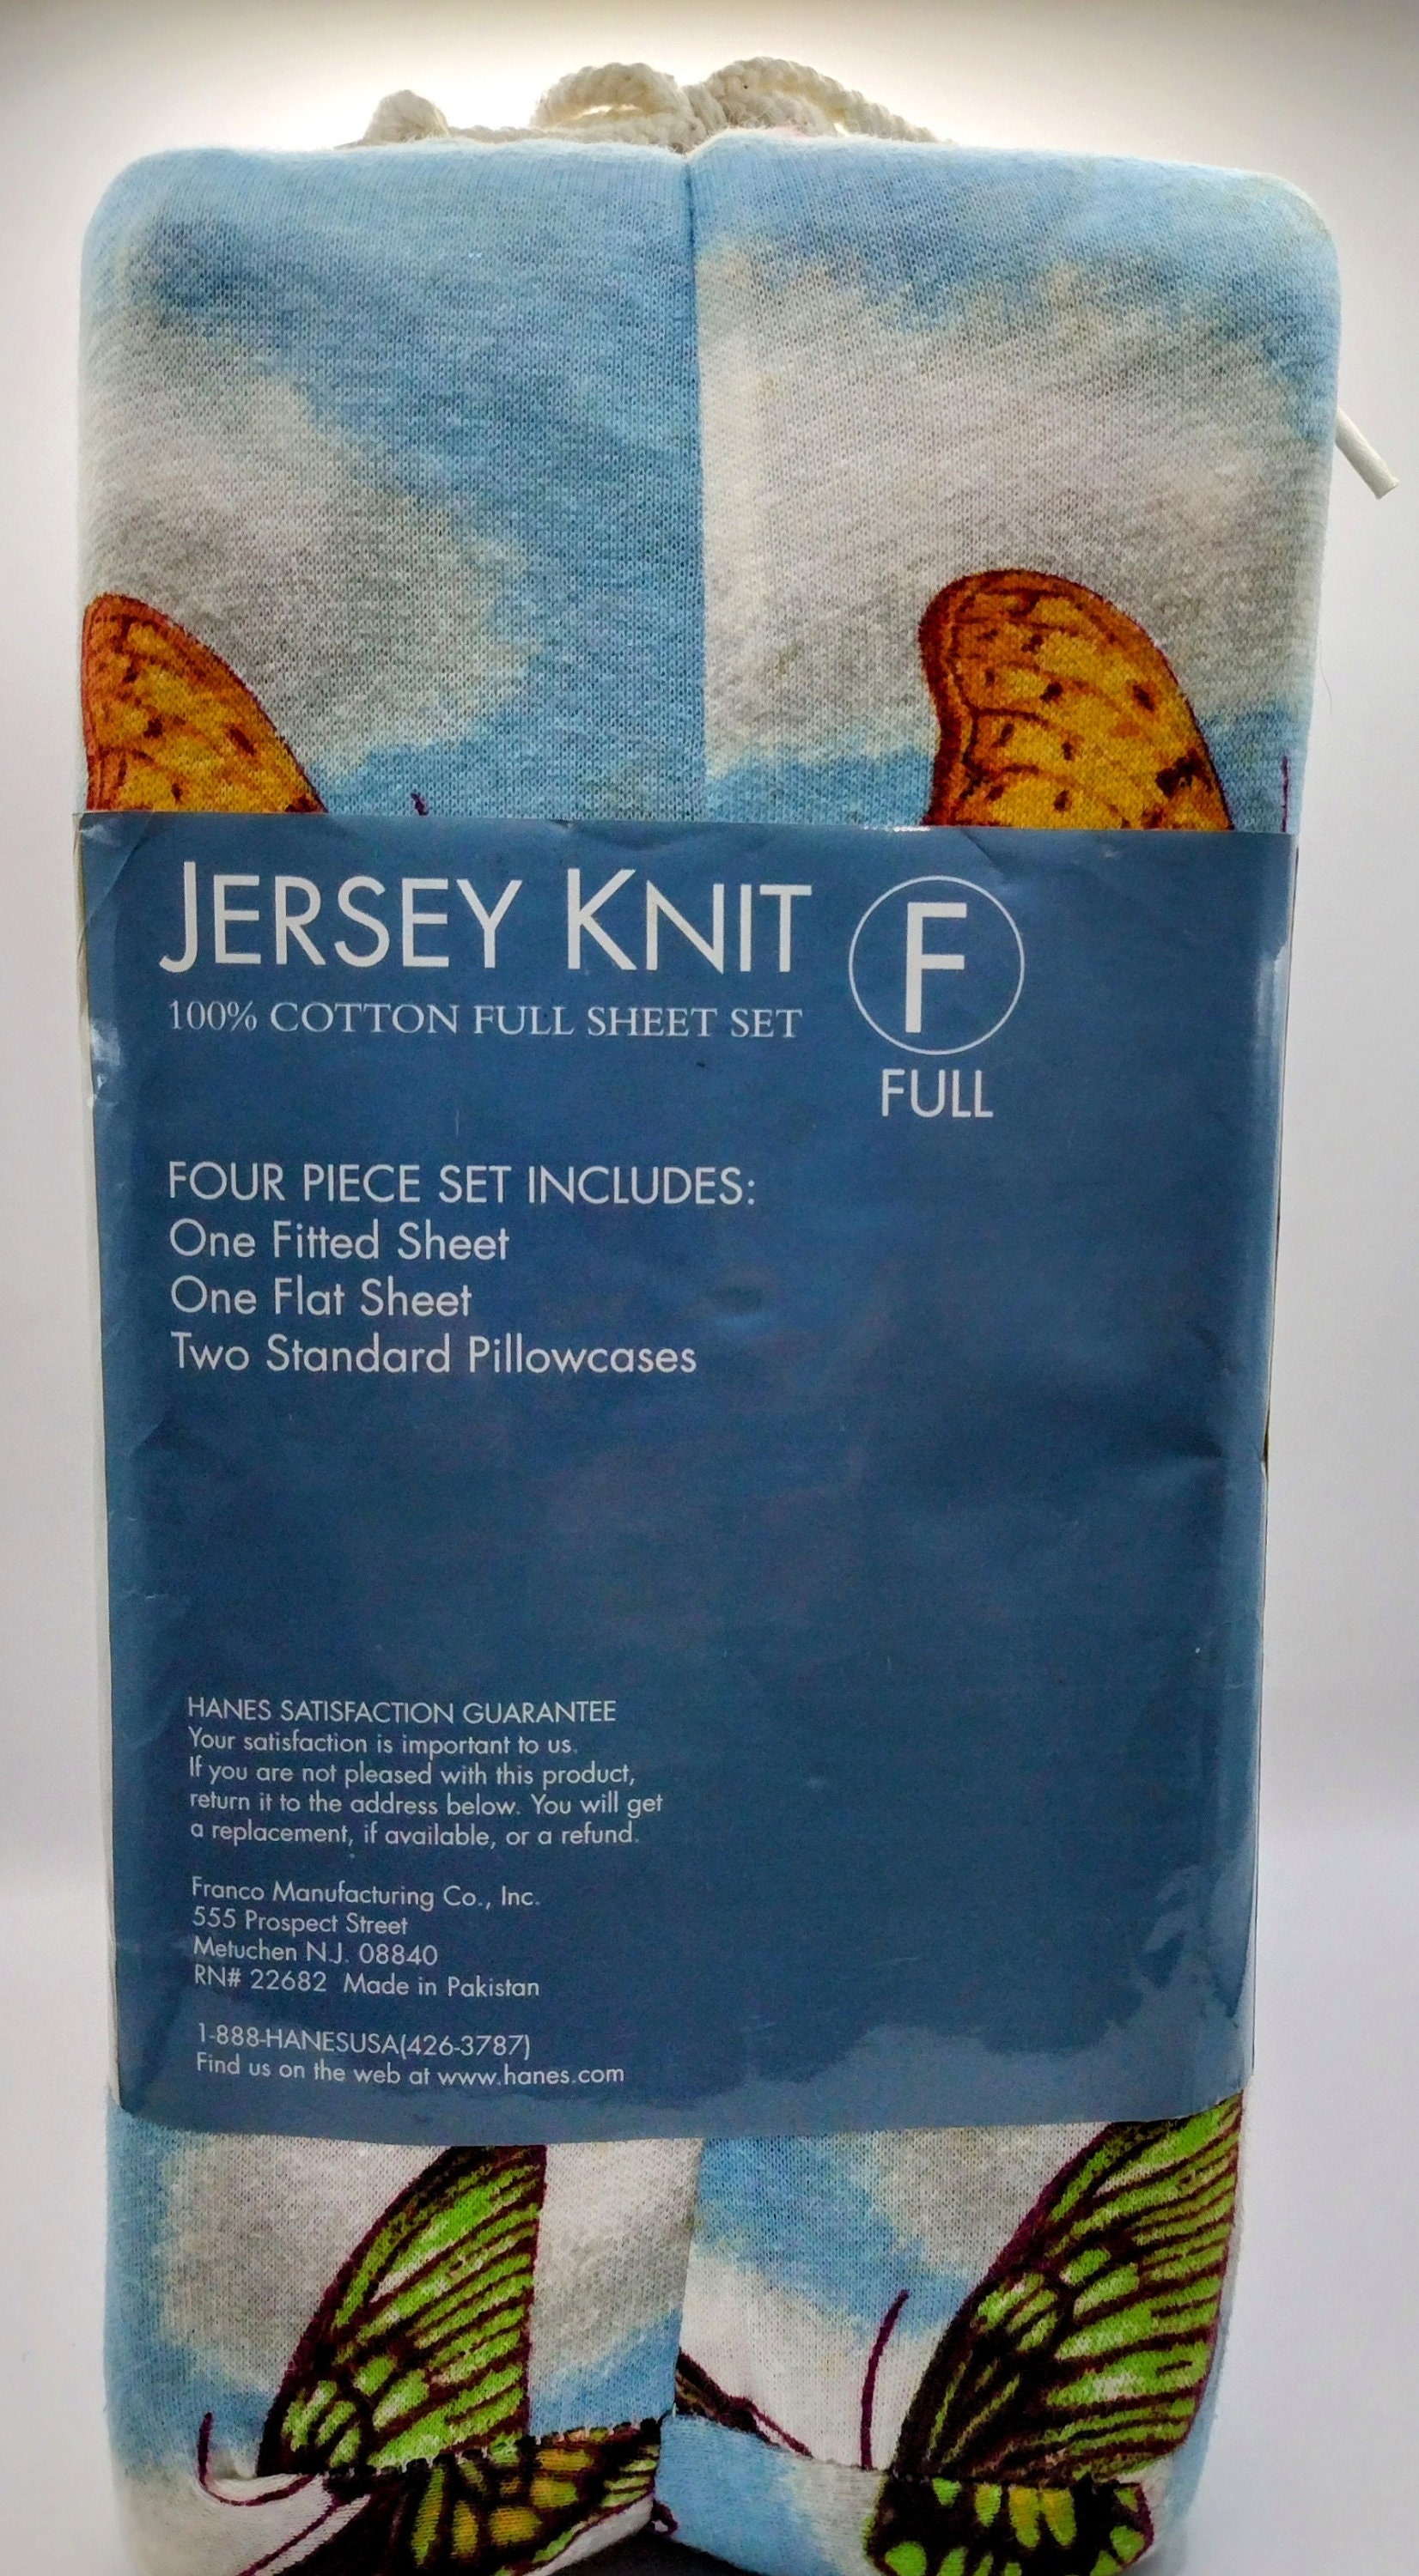 Vintage Inspired Hanes Jersey Knit Full Sheets Set. Butterfly
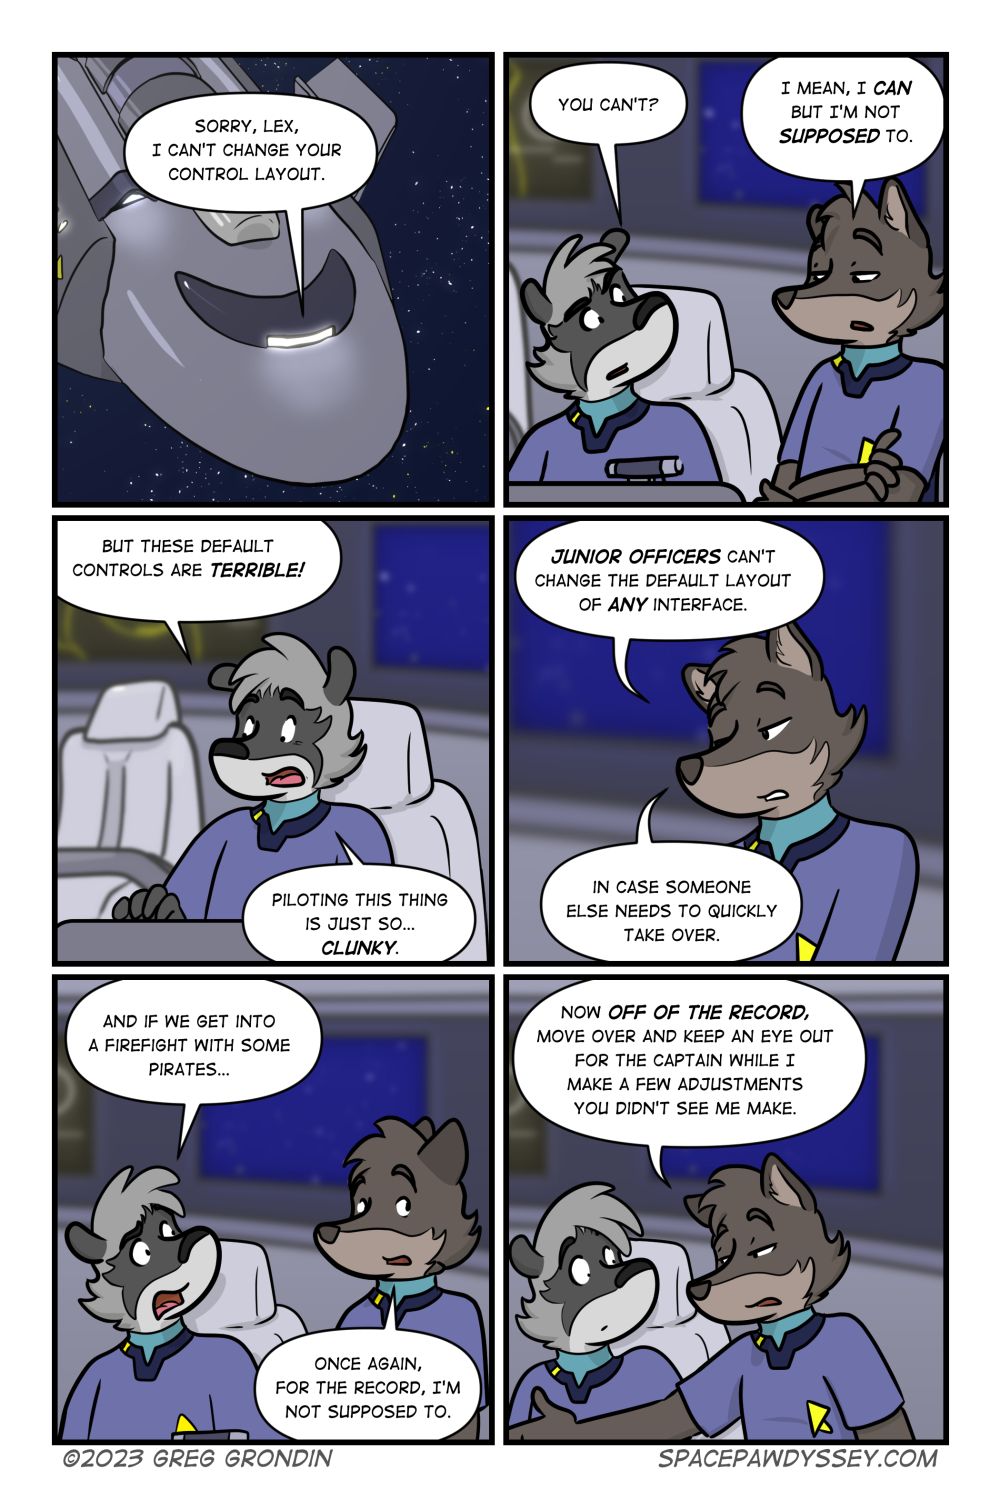 Space Pawdyssey #609
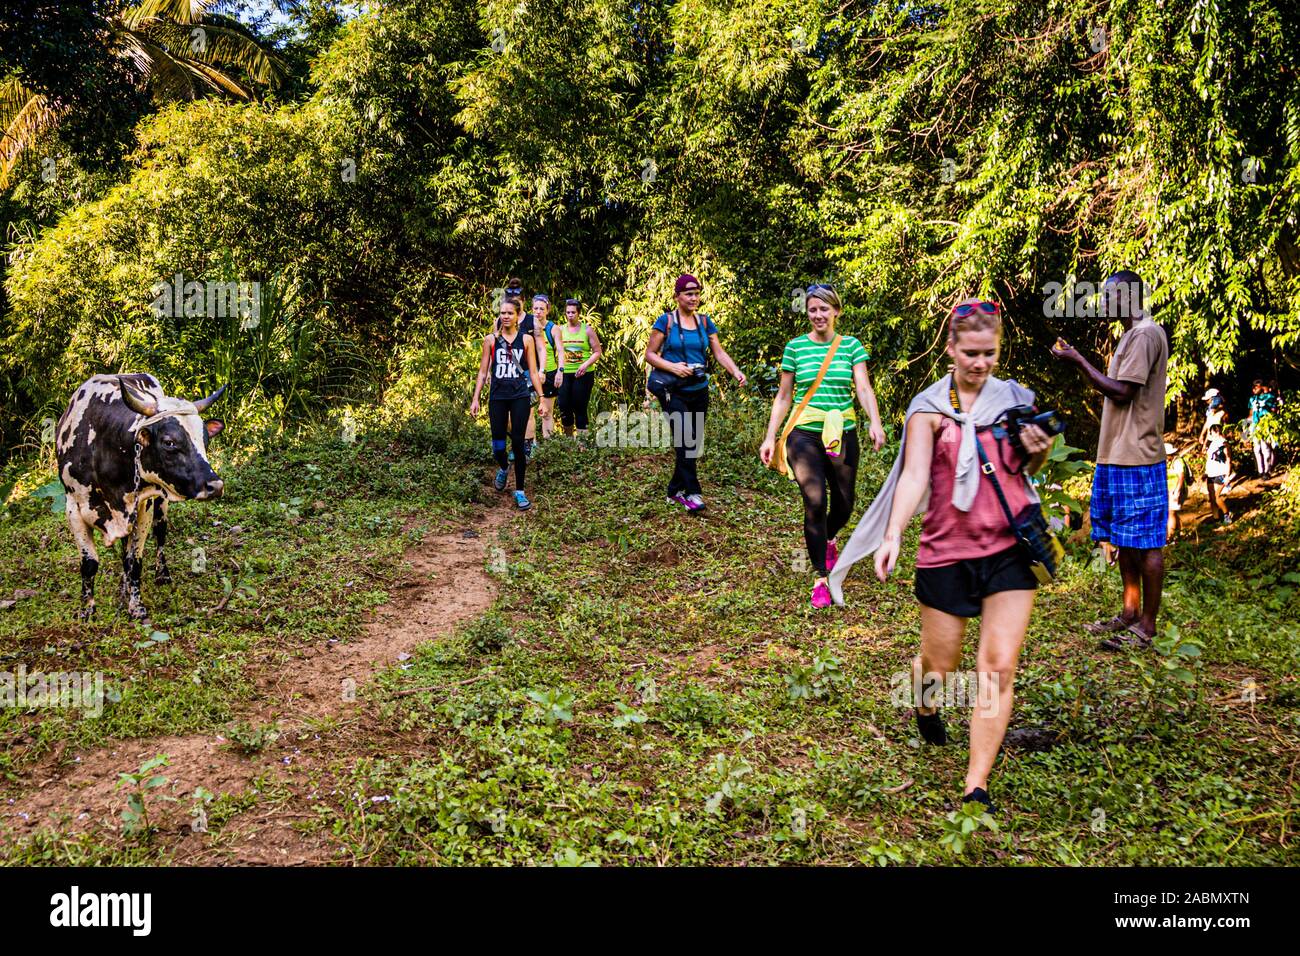 Hash House Harriers Running Event in Happy Hill, Grenada. The cow would rather have her rest Stock Photo
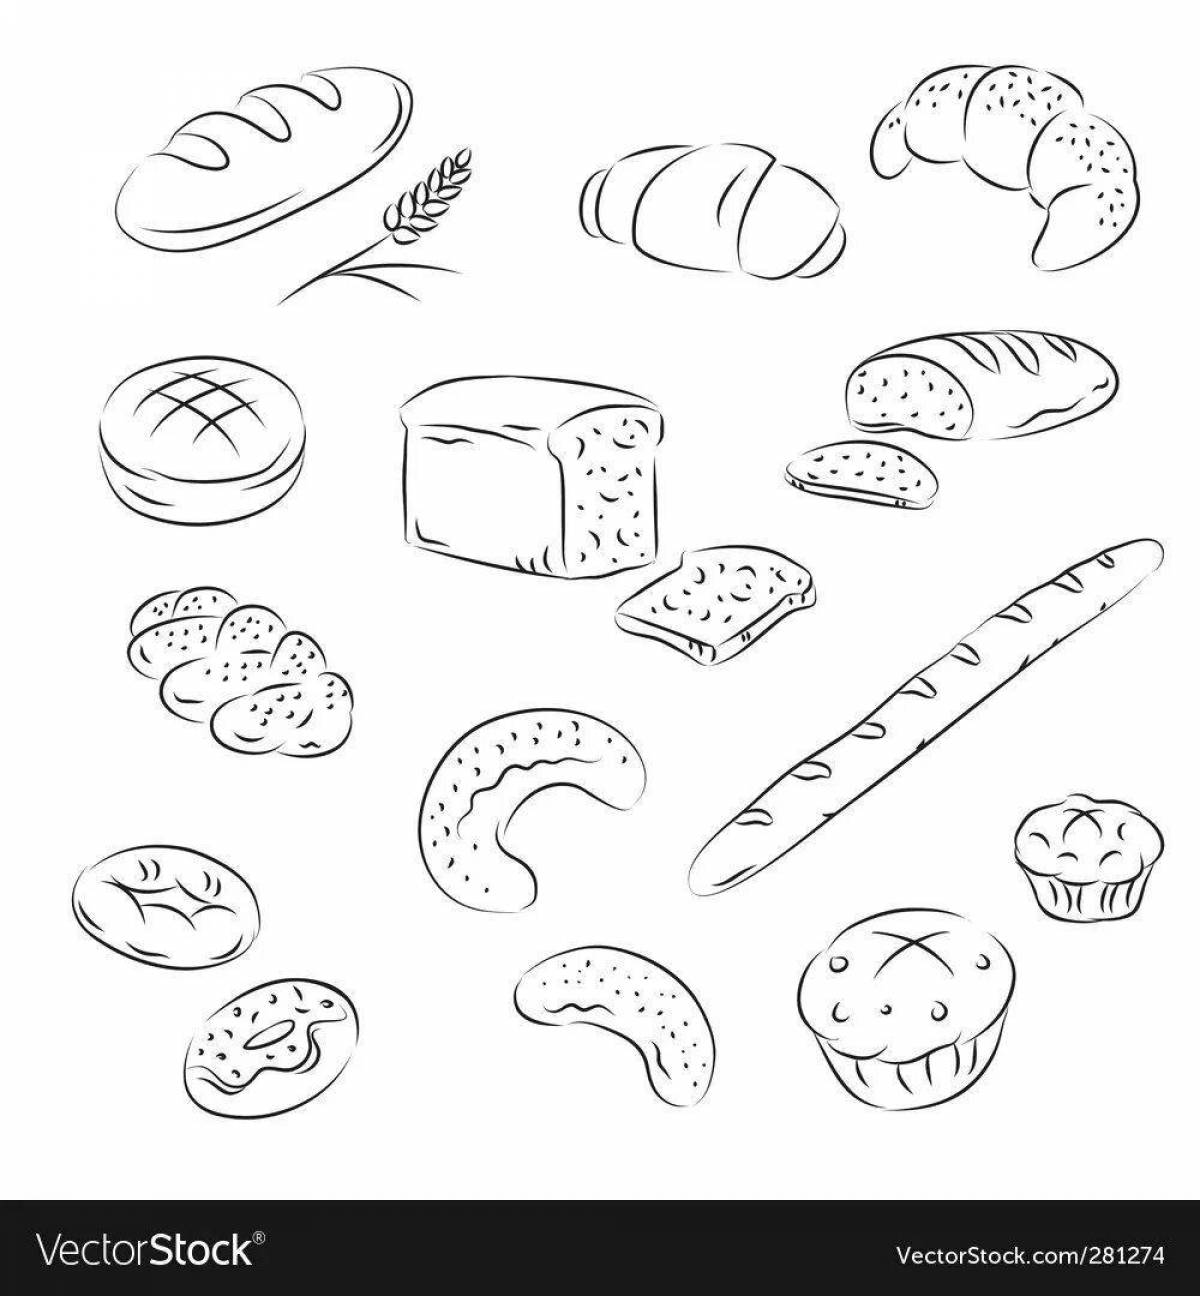 Interesting bakery coloring page for preschoolers

────────

• _What the exercise asks_
Your response must reproduce every line of the data exactly, with images omitted.

• _Answer to this problem_
 Vintage Inspired Hanes Jersey Knit Full Sheets Set. Butterfly
 Space Pawdyssey #609
 Hash House Harriers Running Event in Happy Hill, Grenada. The cow would rather have her rest Stock Photo
 Interesting bakery coloring page for preschoolers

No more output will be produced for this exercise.